= J. Kirk Richards =

American artist (born 1976)

Joel Kirk Richards (born 1976) is an American artist who specializes in Judeo-Christian themes.

Richards was raised in Provo, Utah. He studied at Brigham Young University under Bruce Smith, Hagen Haltern, Gary Barton, James Christensen, Wulf Barsch and Joe Ostraff. He served a two-year mission for the Church of Jesus Christ of Latter-day Saints (LDS Church) in Italy. He later studied under Patrick Devonas in New Jersey.

Richards and his wife Amy Tolk are the parents of four children.

Much of Richards's work focuses on the life of Jesus.

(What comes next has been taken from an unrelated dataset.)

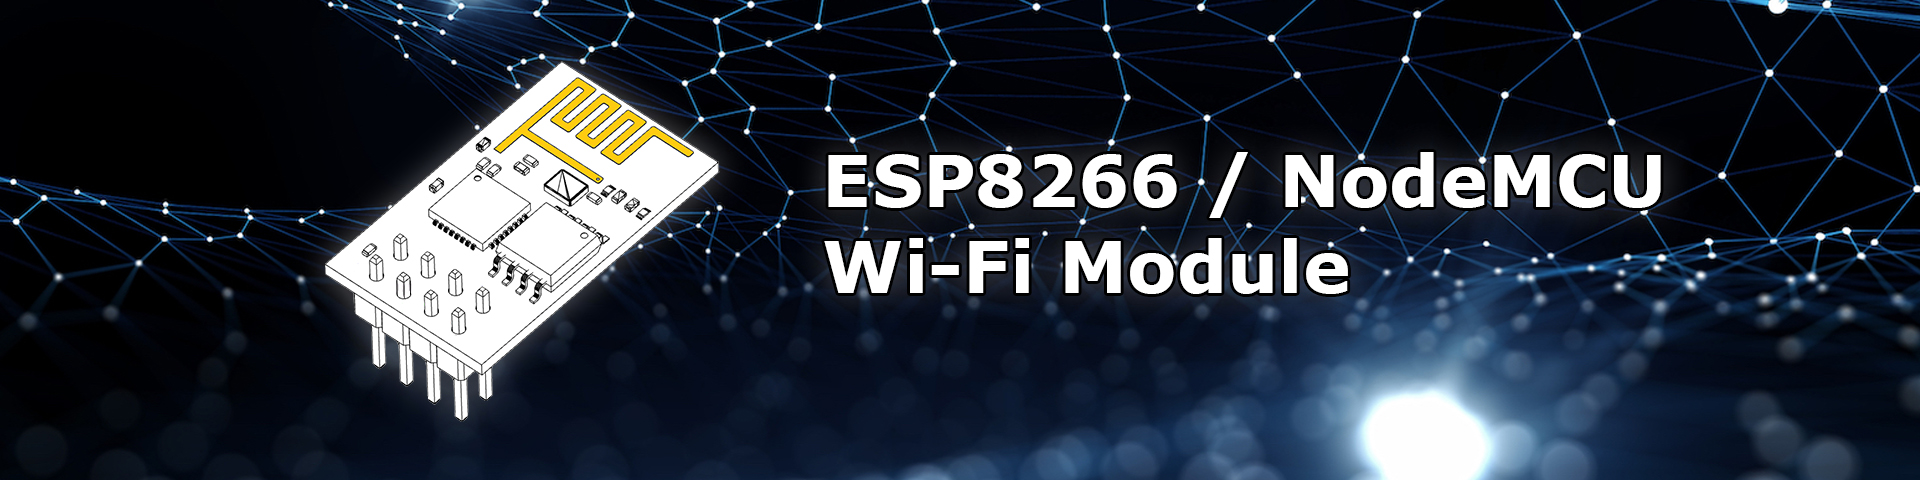 Meet ESP8266 / NodeMCU, the WIFI module for IoT

Another of his works is "The Carriers", which relates to the rescue of the Martin Handcart Company.

Richards's images were included in Helen Whitney’s 2007 PBS Frontline documentary entitled "The Mormons". Publications that have used Richards's artwork include the Ensign and Liahona magazines, BYU Studies, and the interdenominational Upper Room magazine.

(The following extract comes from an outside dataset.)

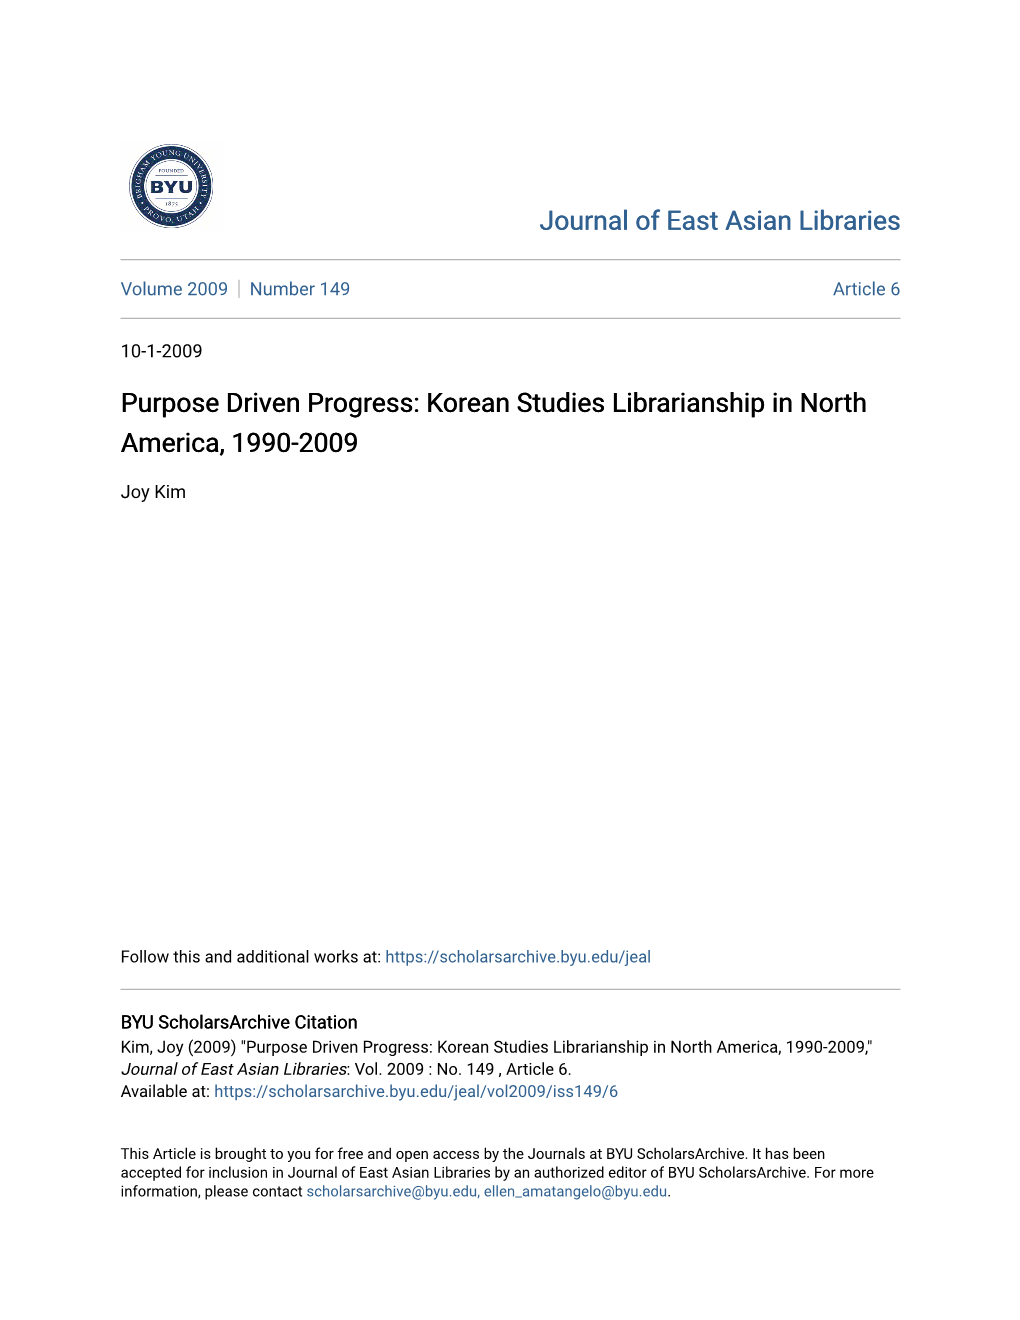 Korean Studies Librarianship in North America, 1990-2009

Richards's work has been shown at the Springville Museum of Art; the Renaissance Center Juried Show in Nashville, Tennessee; the Provo Arts Council Freedom Festival Fine Art Exhibit; the Bountiful/Davis Art Center; at Southern Virginia University as part of its Annual Shenandoah Invitational Art Show; at the Robert N. & Peggy Sears Dixie State Invitational Art Shows in St. George, Utah; and the Museum of Church History and Art.